Given that $f$ is a holomorphic function on the open unit disk where its real part is always positive ($\Re f(0) >0$), show that $|f^{'}(0)| \leq 2\Re (f(0))$.
My attempt: I used Cauchy's formula, the fact that the real part is positive and harmonic to obtain the following $$|f^{'}(0)| \leq 2 \Re f(0)+ 2\max_{|z|=1/2} \Im f(z)$$ However, I don't see a way to produce the desired sharper bound.
Context: Studying for Quals #8 in http://www.math.tamu.edu/graduate/phd/quals/ncomplex/j16.pdf
Define $\phi (z) = \frac{z-f(0)}{z+\overline{f(0)}}$ which takes values from ${\Re z > 0}$ to the open unit disk. Now we consider the function $\phi (f(z))$ which takes values from the open unit disk to itself.

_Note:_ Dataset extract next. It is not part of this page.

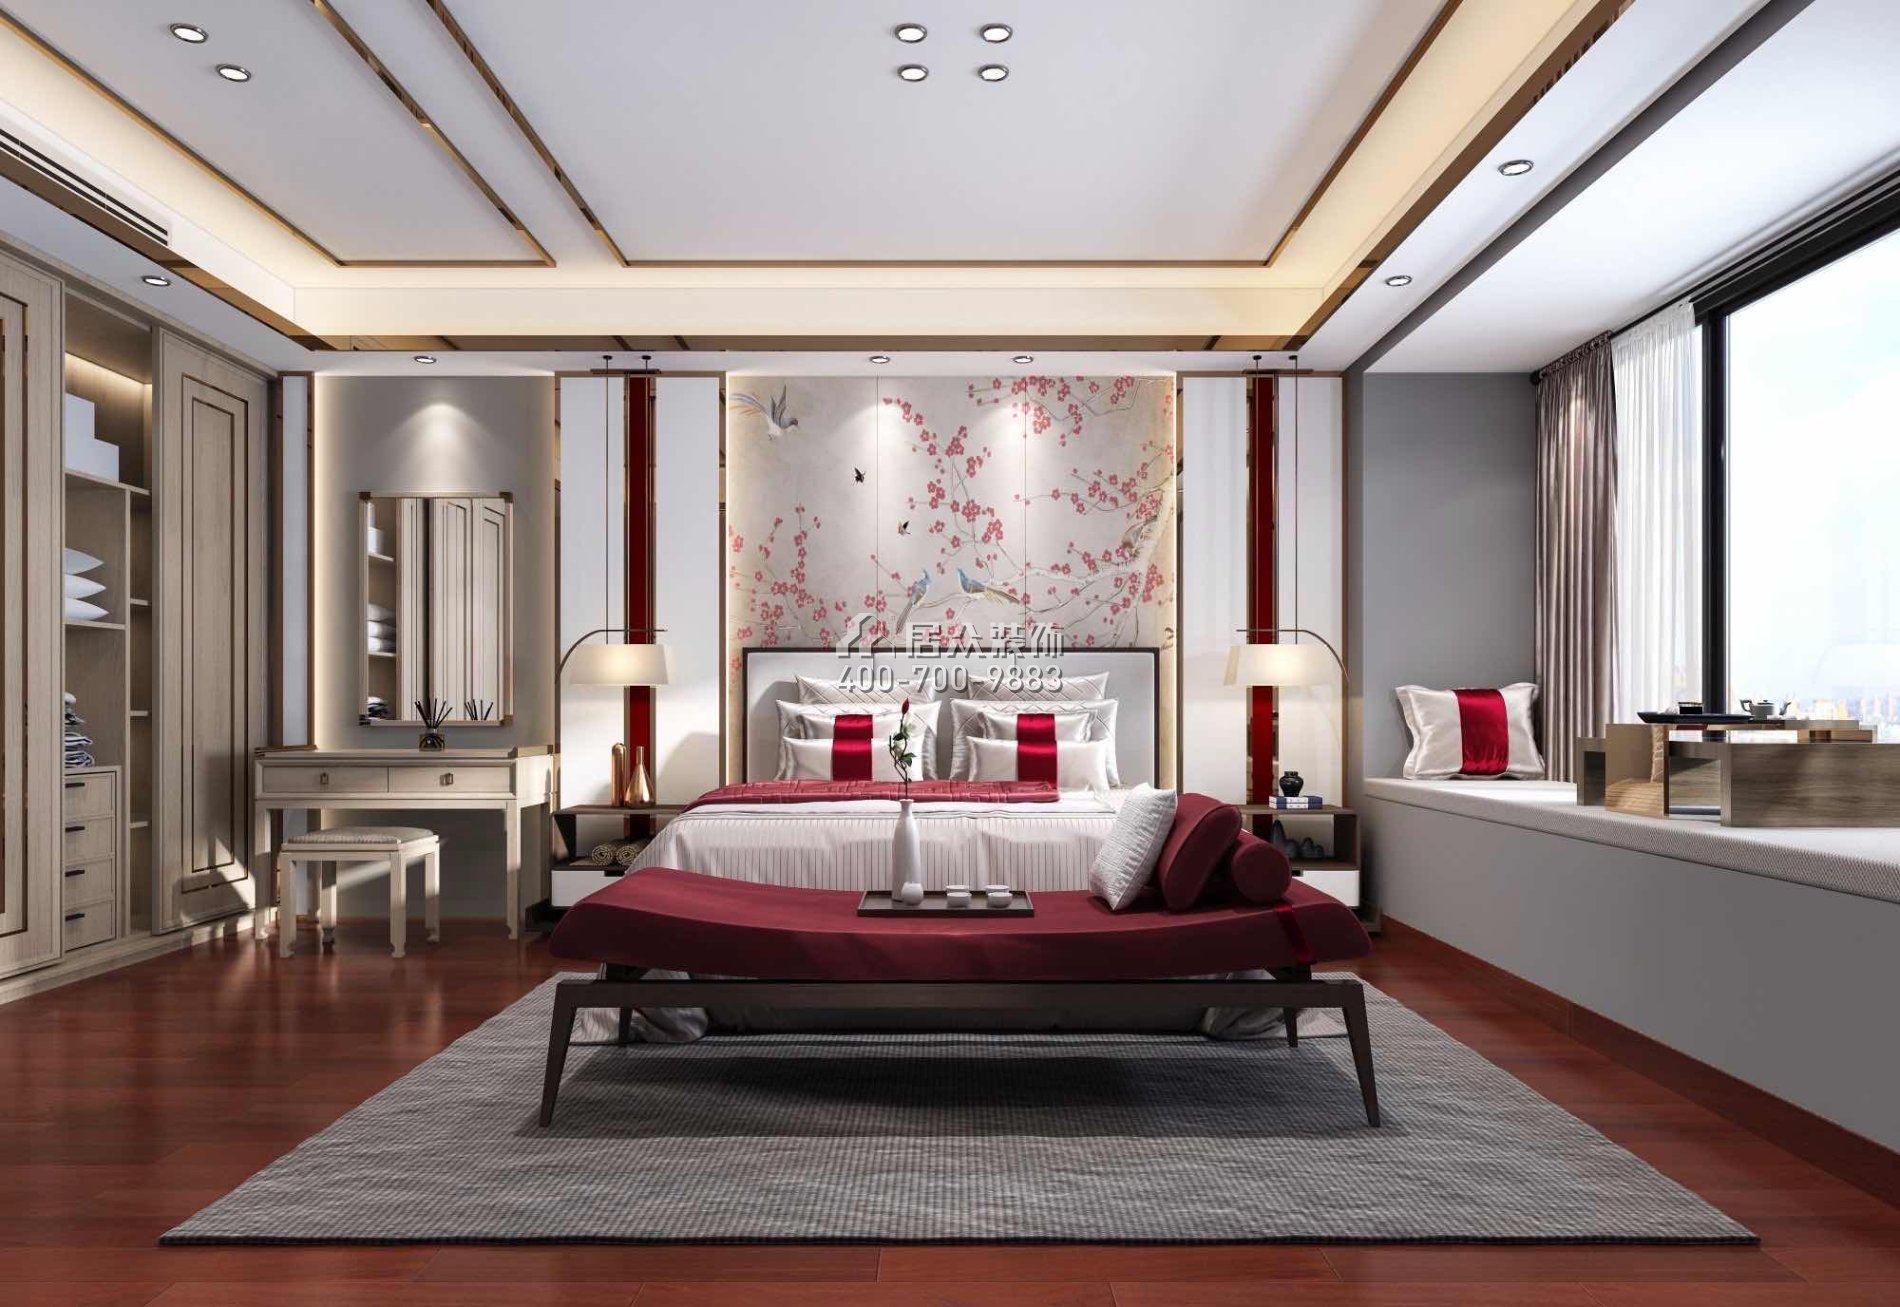 广东省珠海市香洲区216平方米中式风格平层户型卧室装修效果图
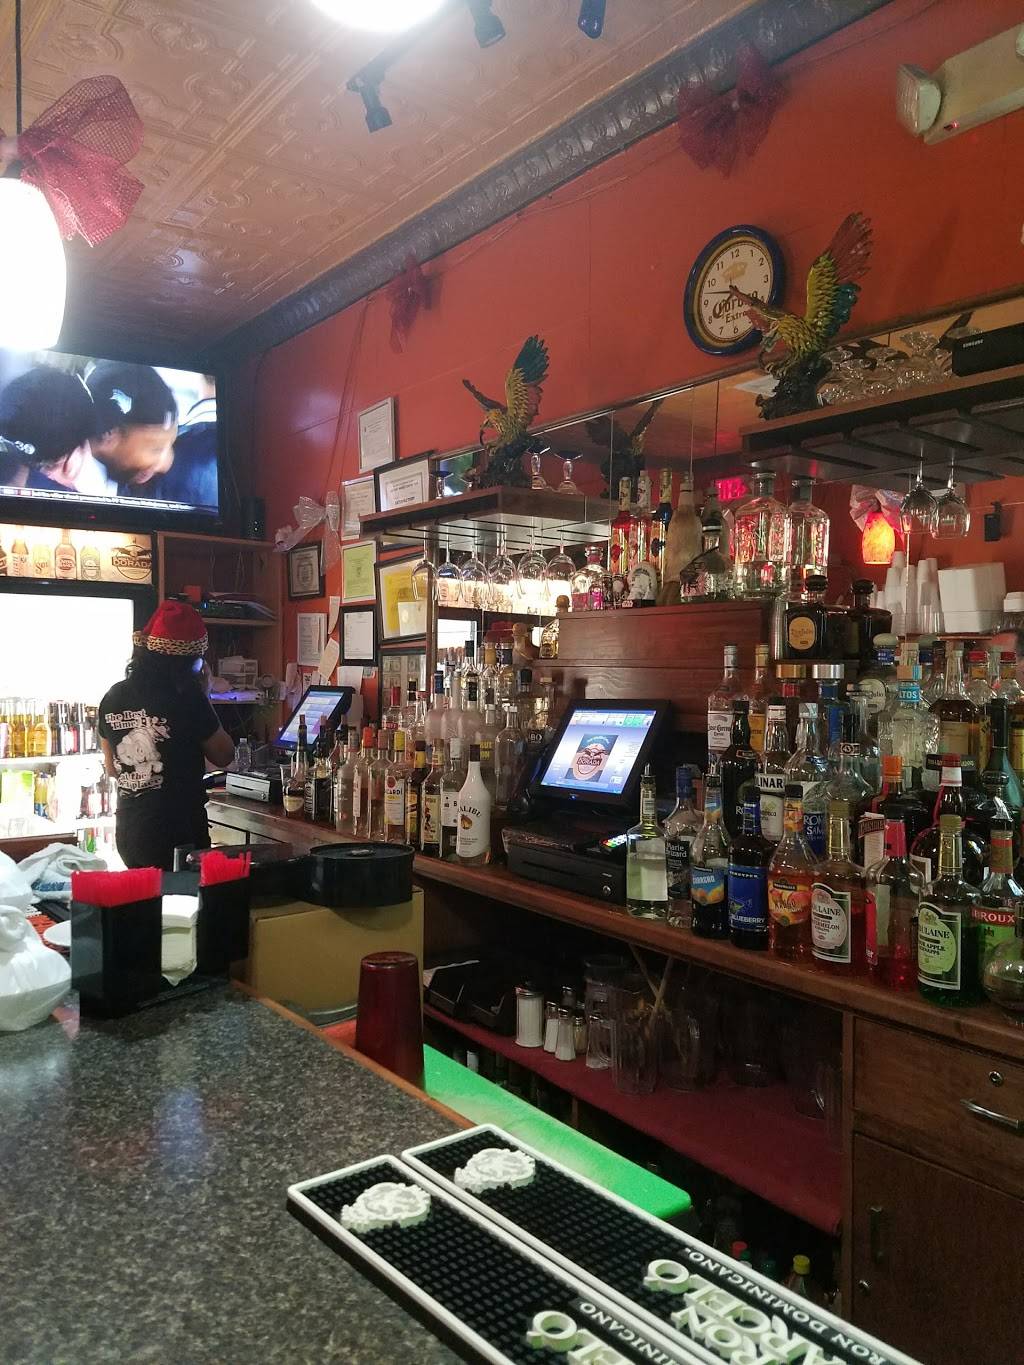 El Aguila Dorada | restaurant | 830 Broadway, Bayonne, NJ 07002, USA | 2018580033 OR +1 201-858-0033

Also, $\phi (f(0))=0$. So, we may apply Schwarz's Lemma to obtain that $$|(\phi ( f(0)))^{'}| \leq 1.$$ Following through with the calculation, we obtain $$|(\phi ( f(0)))^{'}| = \frac{f^{'}(0)(f(0)+\overline{f(0)})}{(f(0)+\overline{f(0)})^2} \leq 1.$$ Since, $f(0)+\overline{f(0)} = 2 \Re f(0)$, we obtain $$|f^{'}(0)| \leq 2 \Re f(0)$$ as desired.